━━━━━ Available data ━━━━━

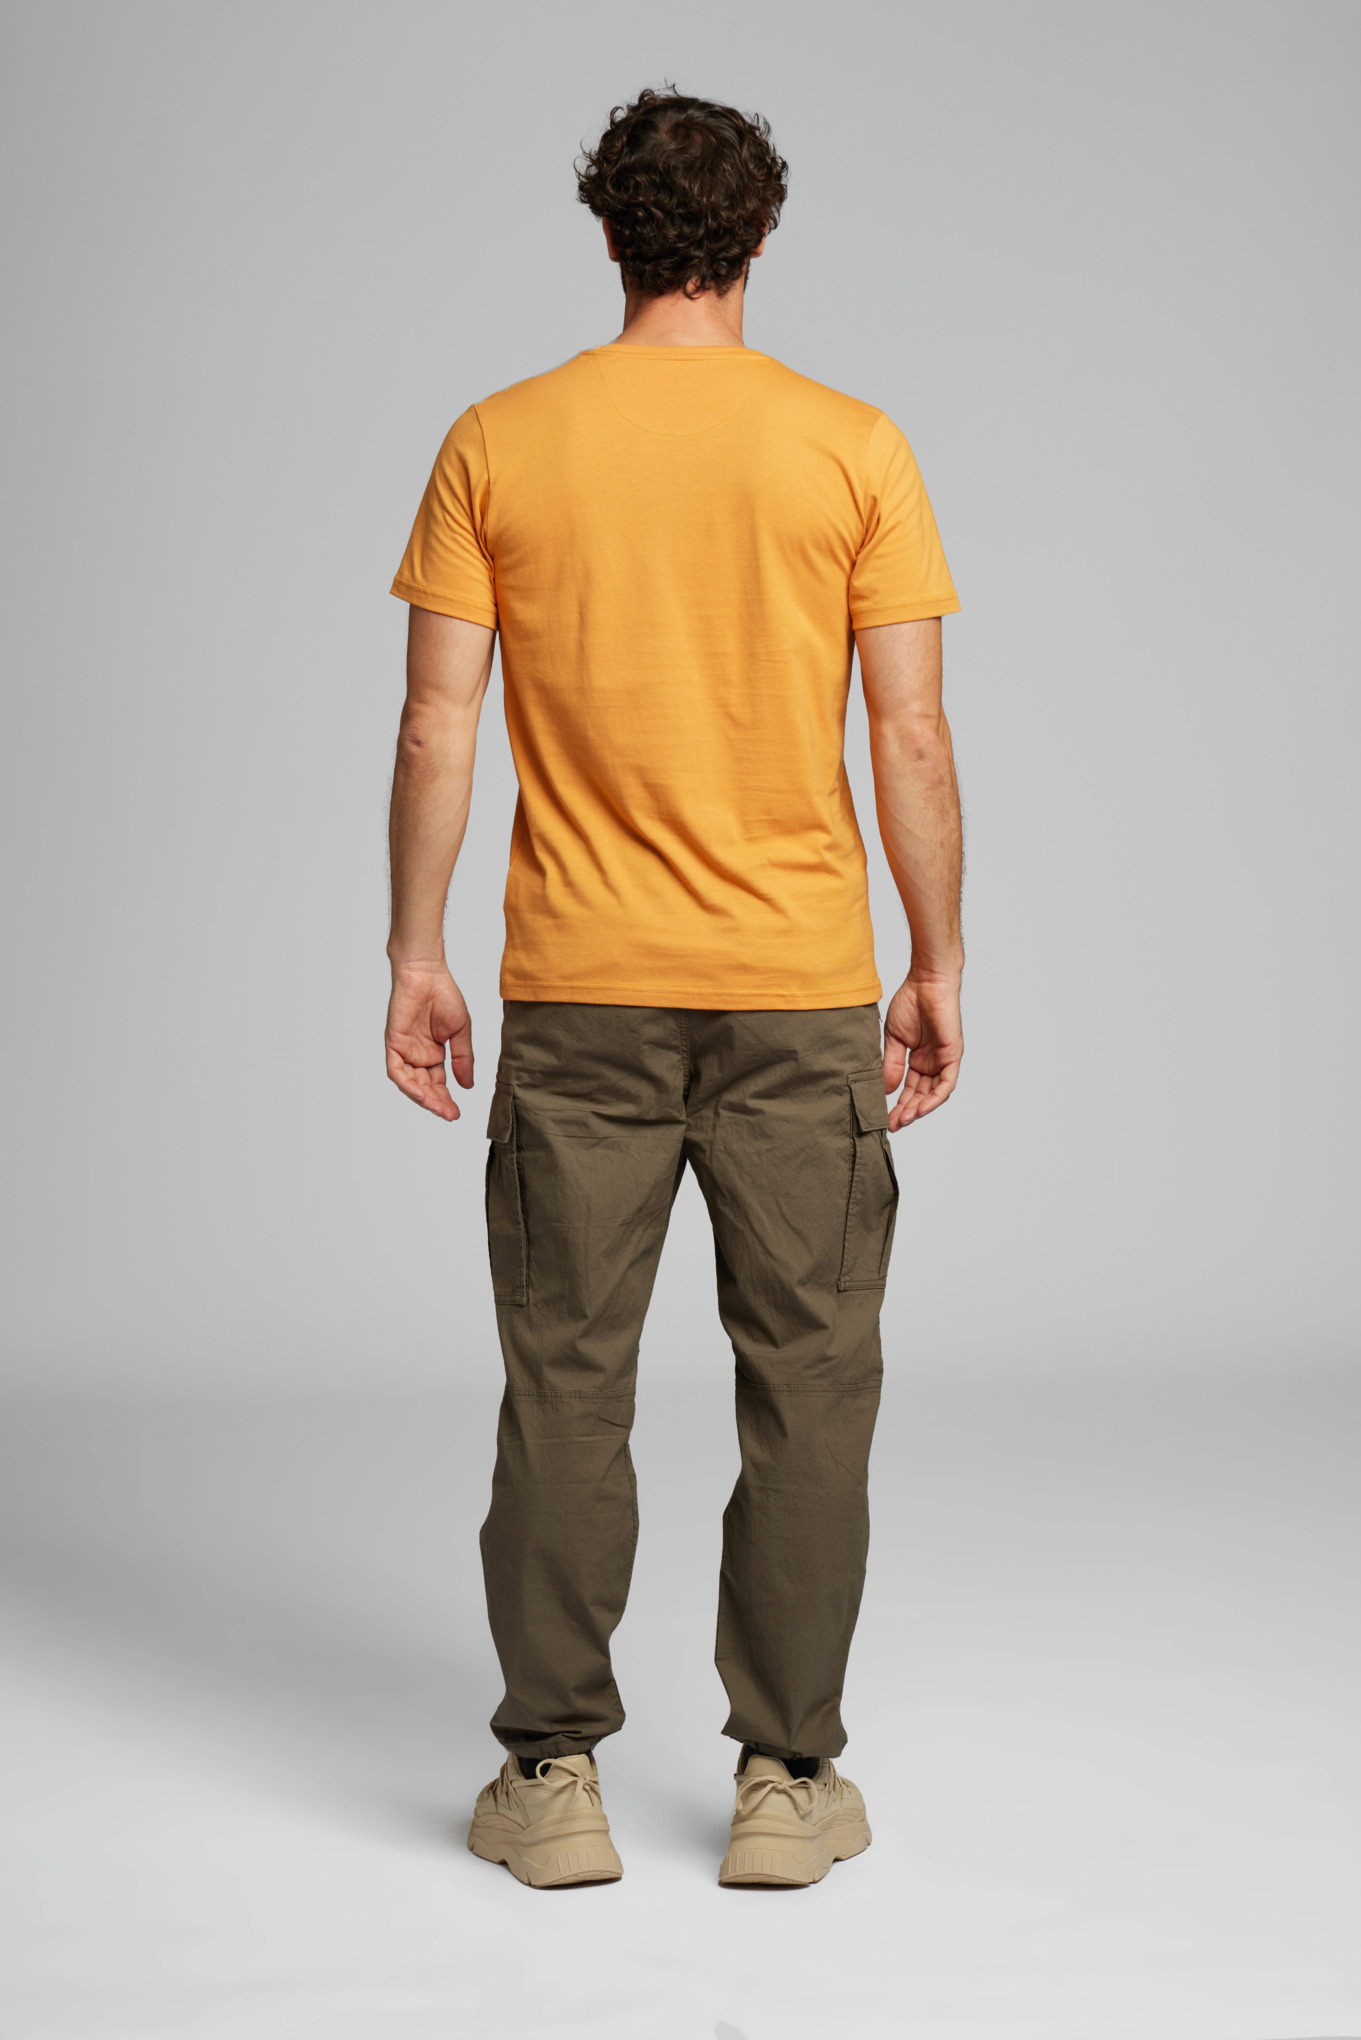 Tričko SUSTAINABLE LOGO oranžové
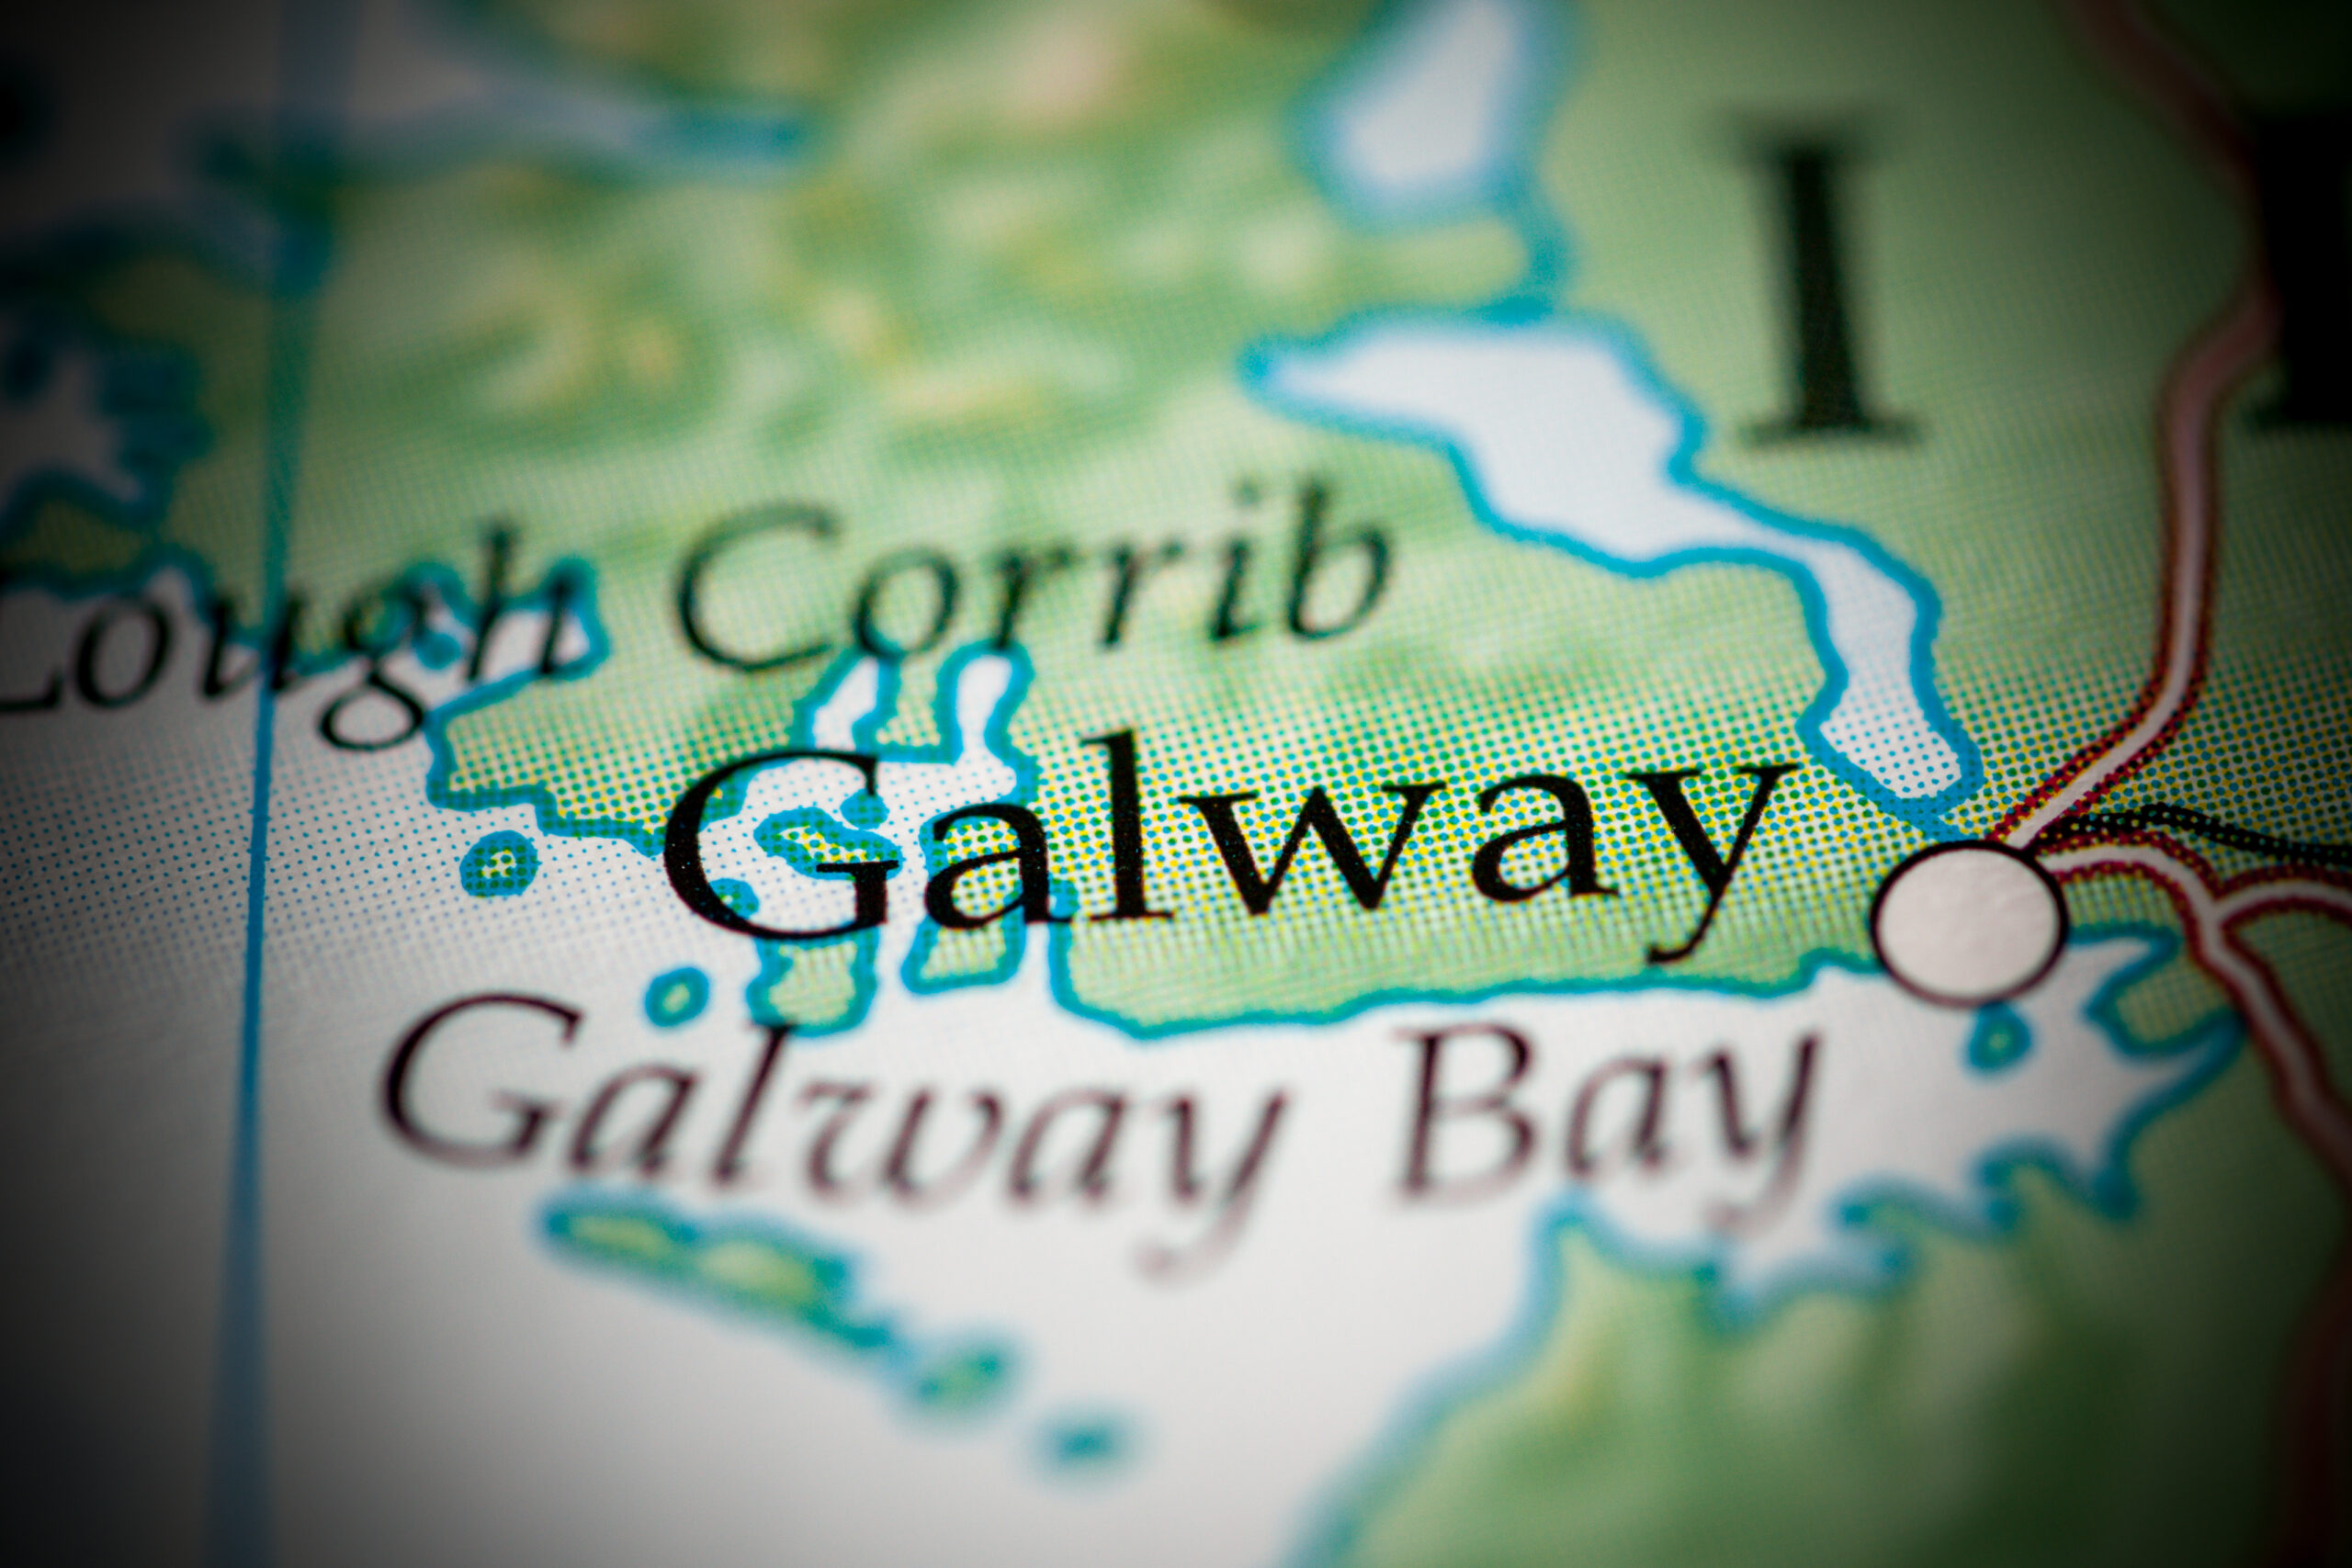 Galway. Ireland
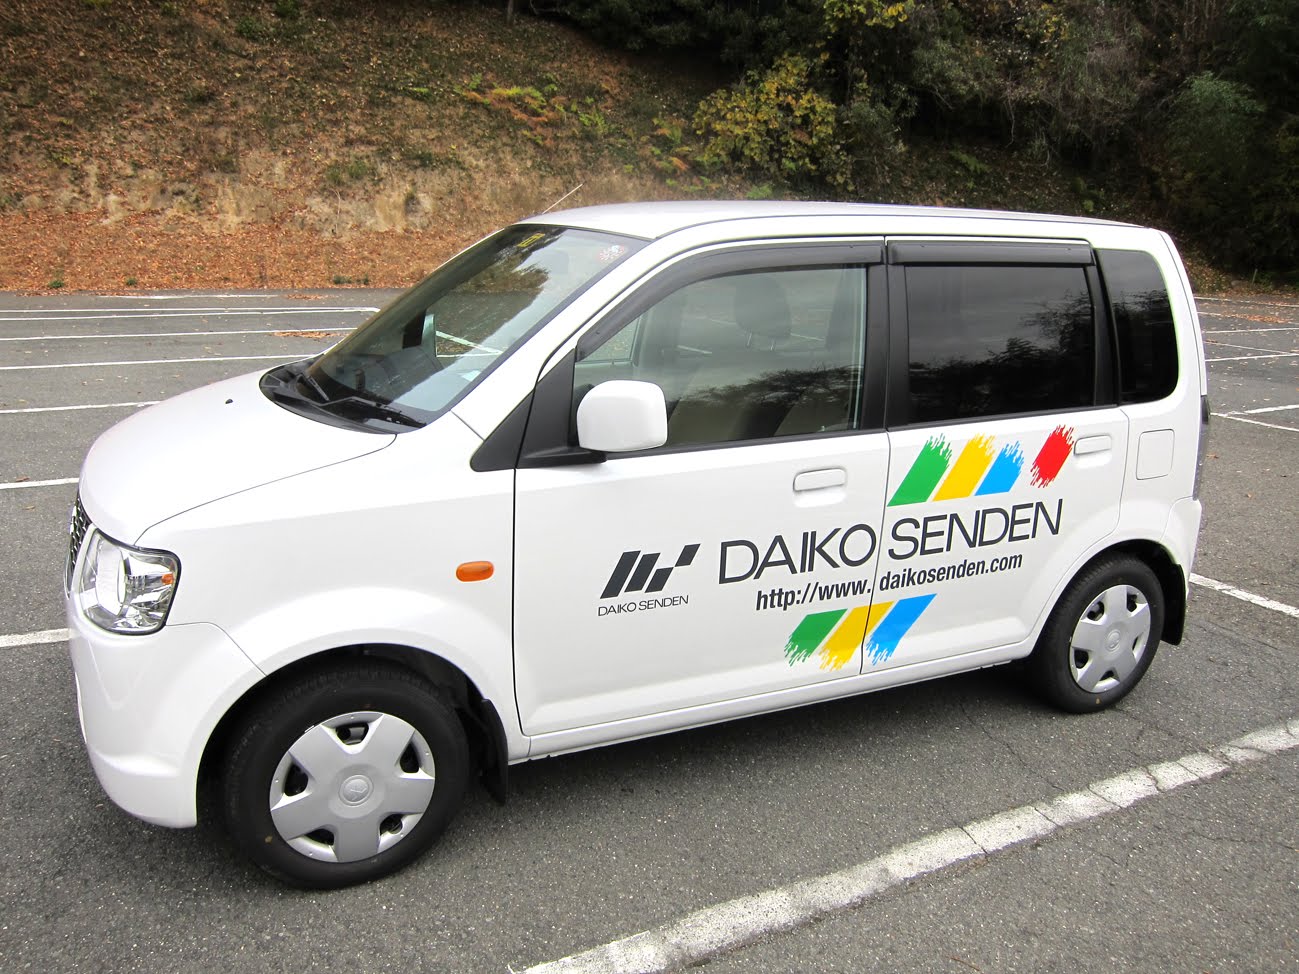 Daikosendenblog 社用車用ラッピング

━━━━━

_Directions_
Reproduce the listing exactly. Do not include its images.

_Expected output_
 Tričko SUSTAINABLE LOGO oranžové
 Galway. Ireland
 Daikosendenblog 社用車用ラッピング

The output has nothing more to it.